-- Information provided --
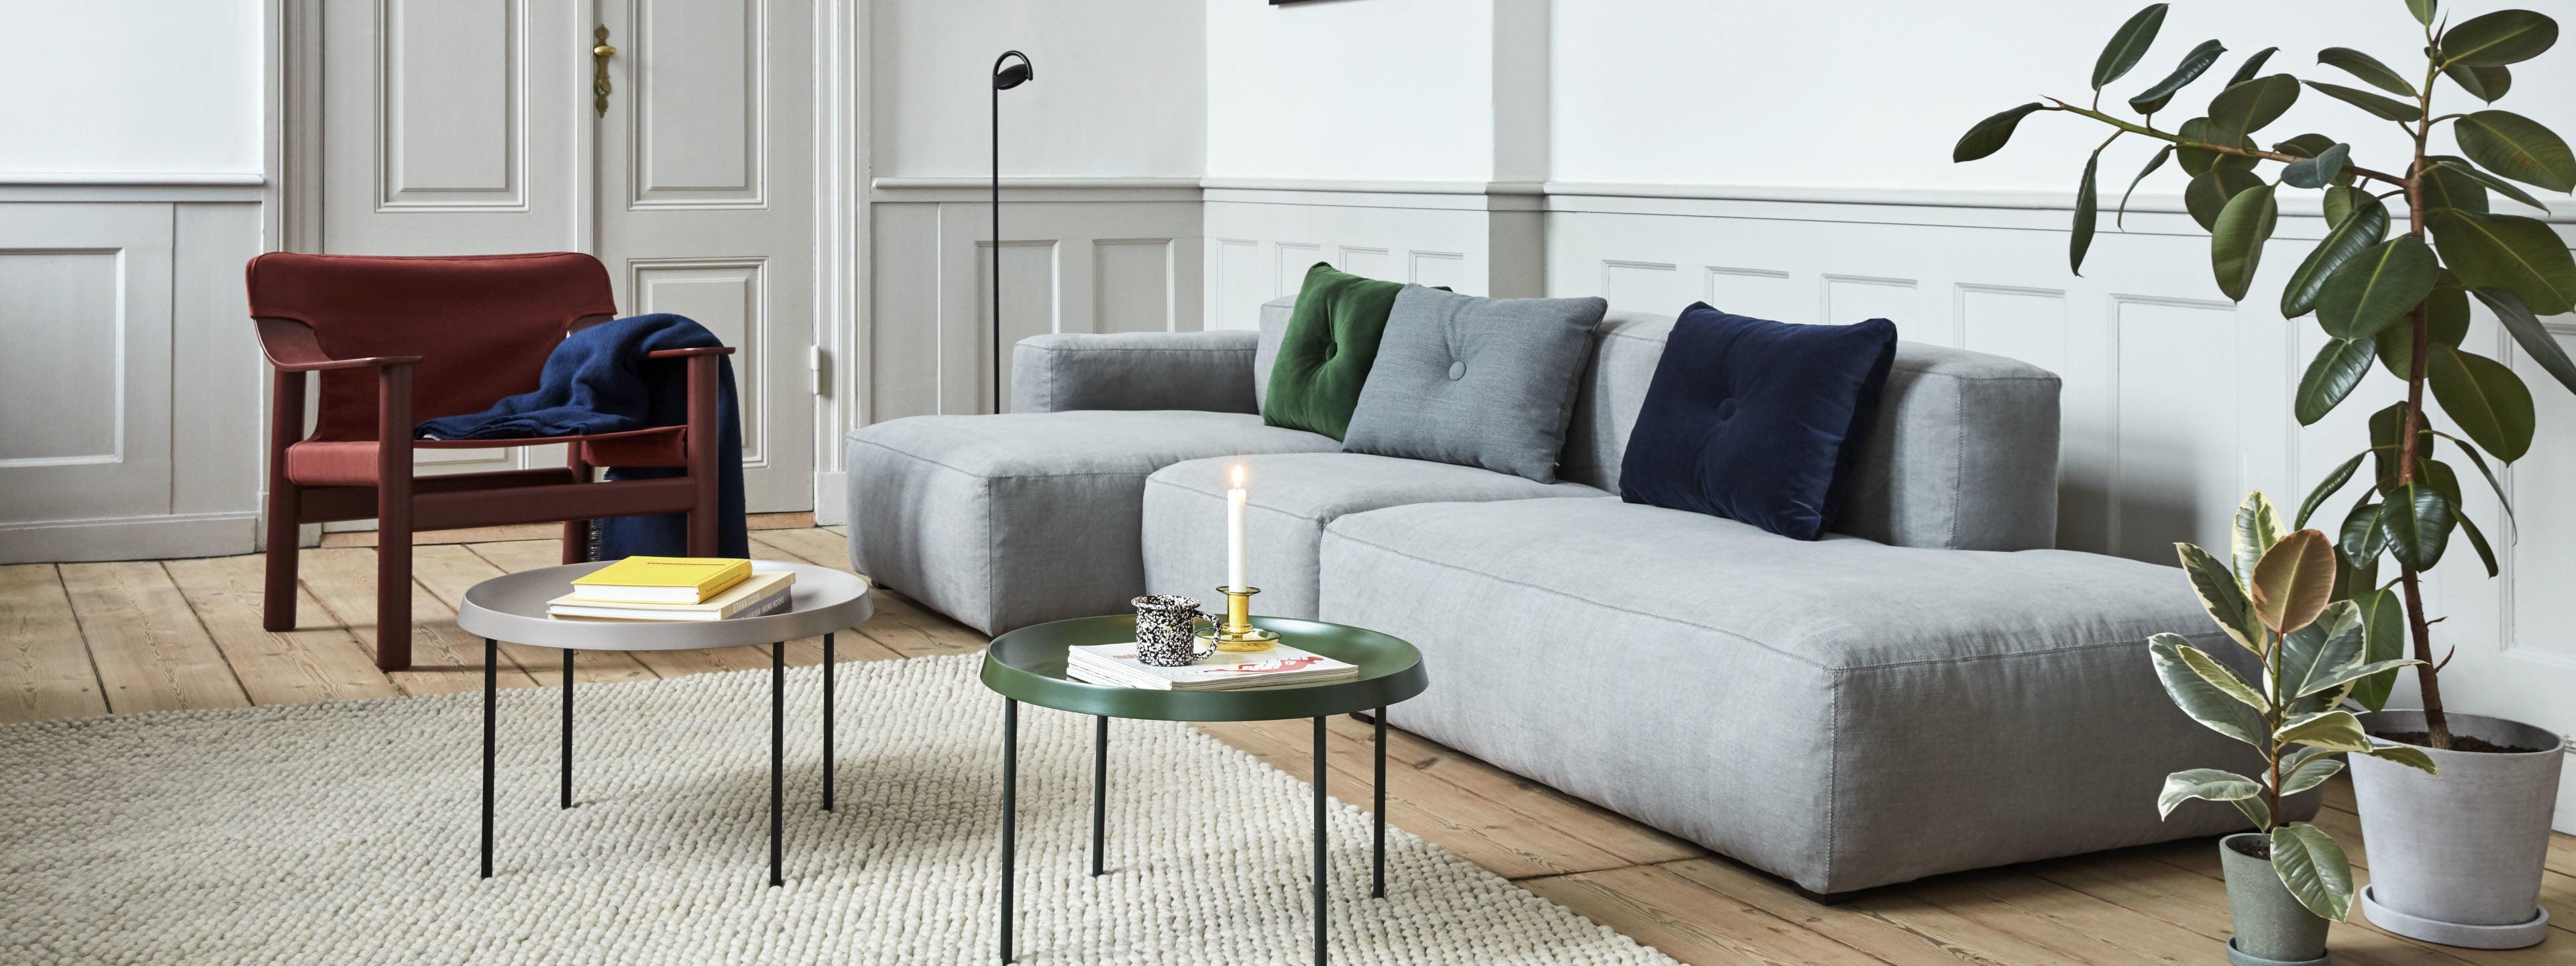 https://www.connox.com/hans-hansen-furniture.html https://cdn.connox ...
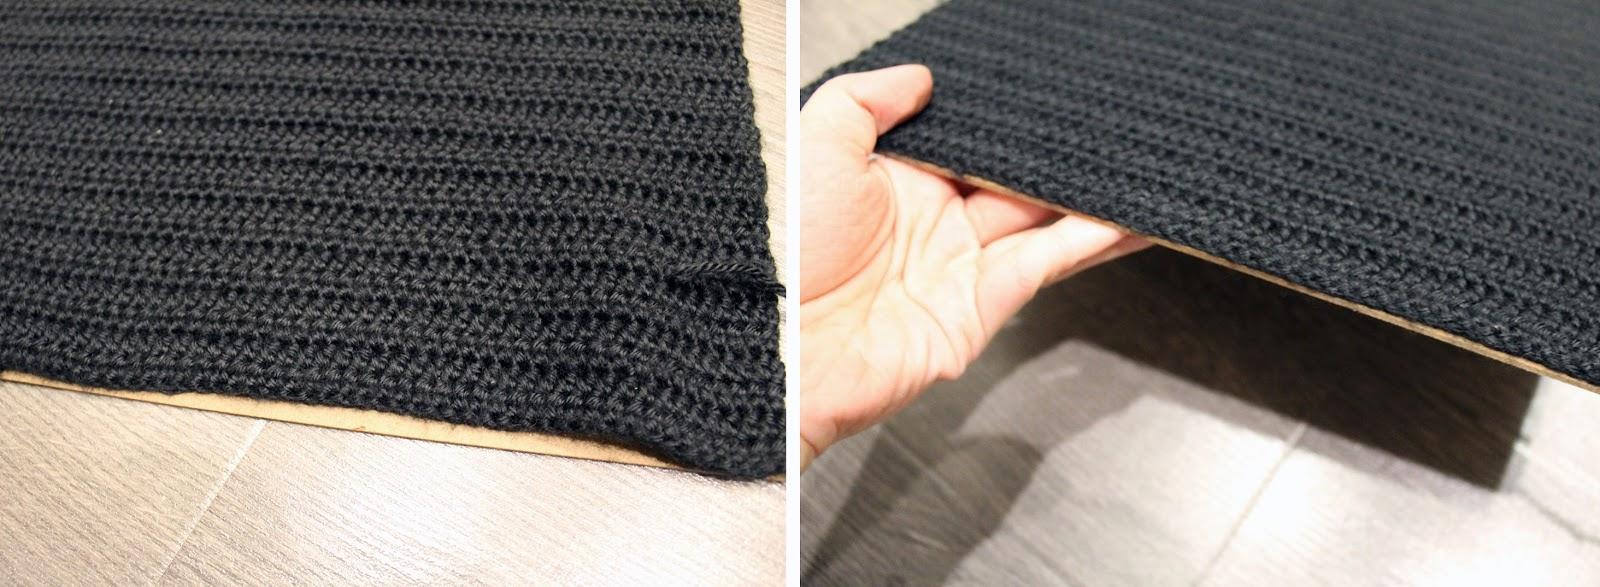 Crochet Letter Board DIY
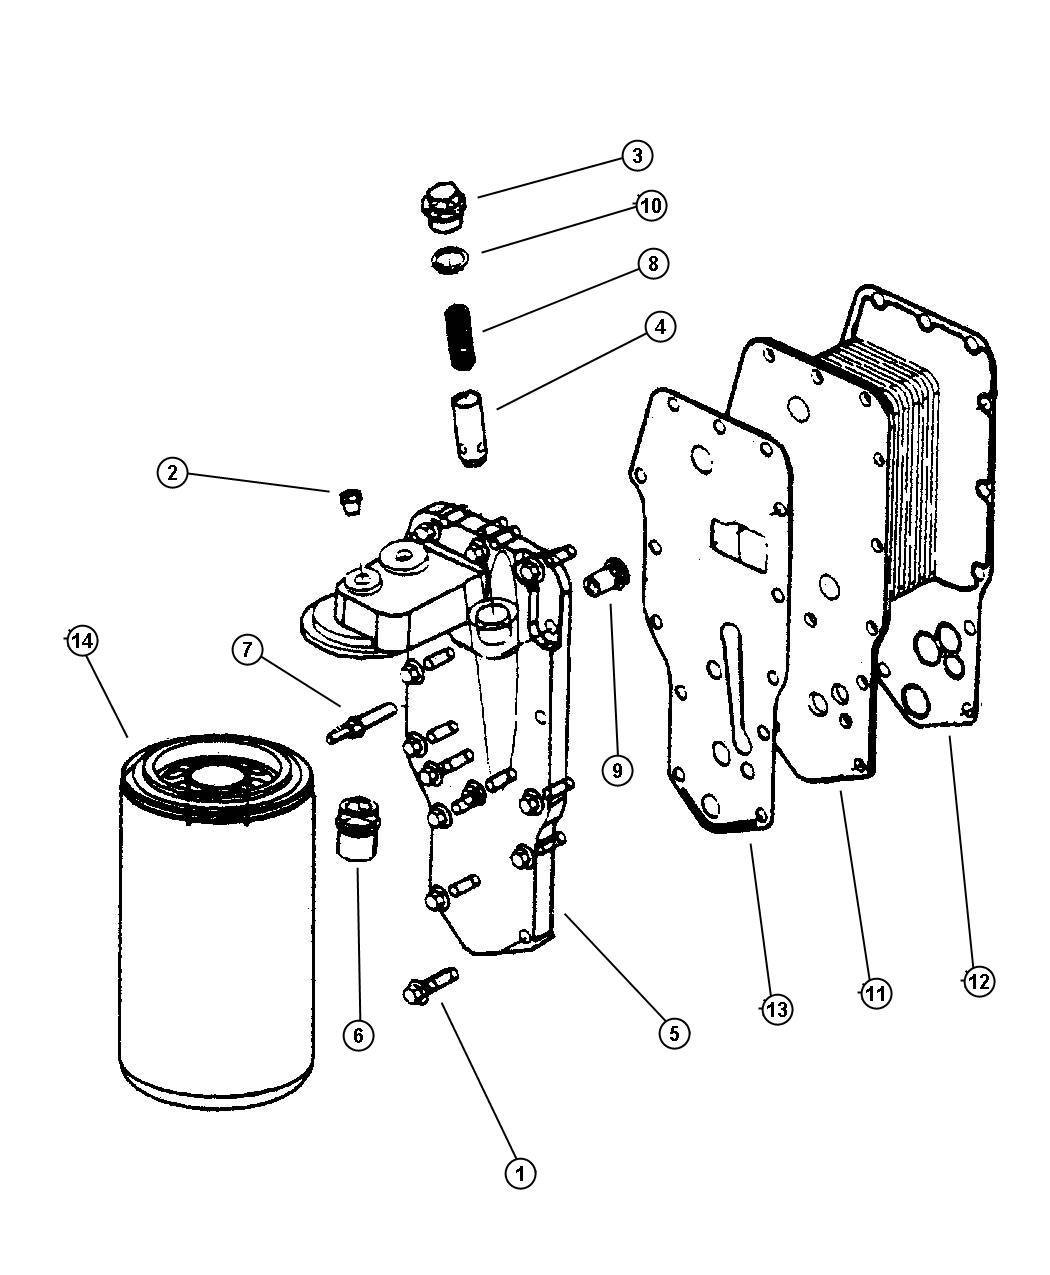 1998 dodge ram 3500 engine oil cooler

-- Exercise directions --
The expected output is the full material above, word for word, without pictures.

-- Answer to this exercise --
 https://www.connox.com/hans-hansen-furniture.html https://cdn.connox ...
 Crochet Letter Board DIY
 1998 dodge ram 3500 engine oil cooler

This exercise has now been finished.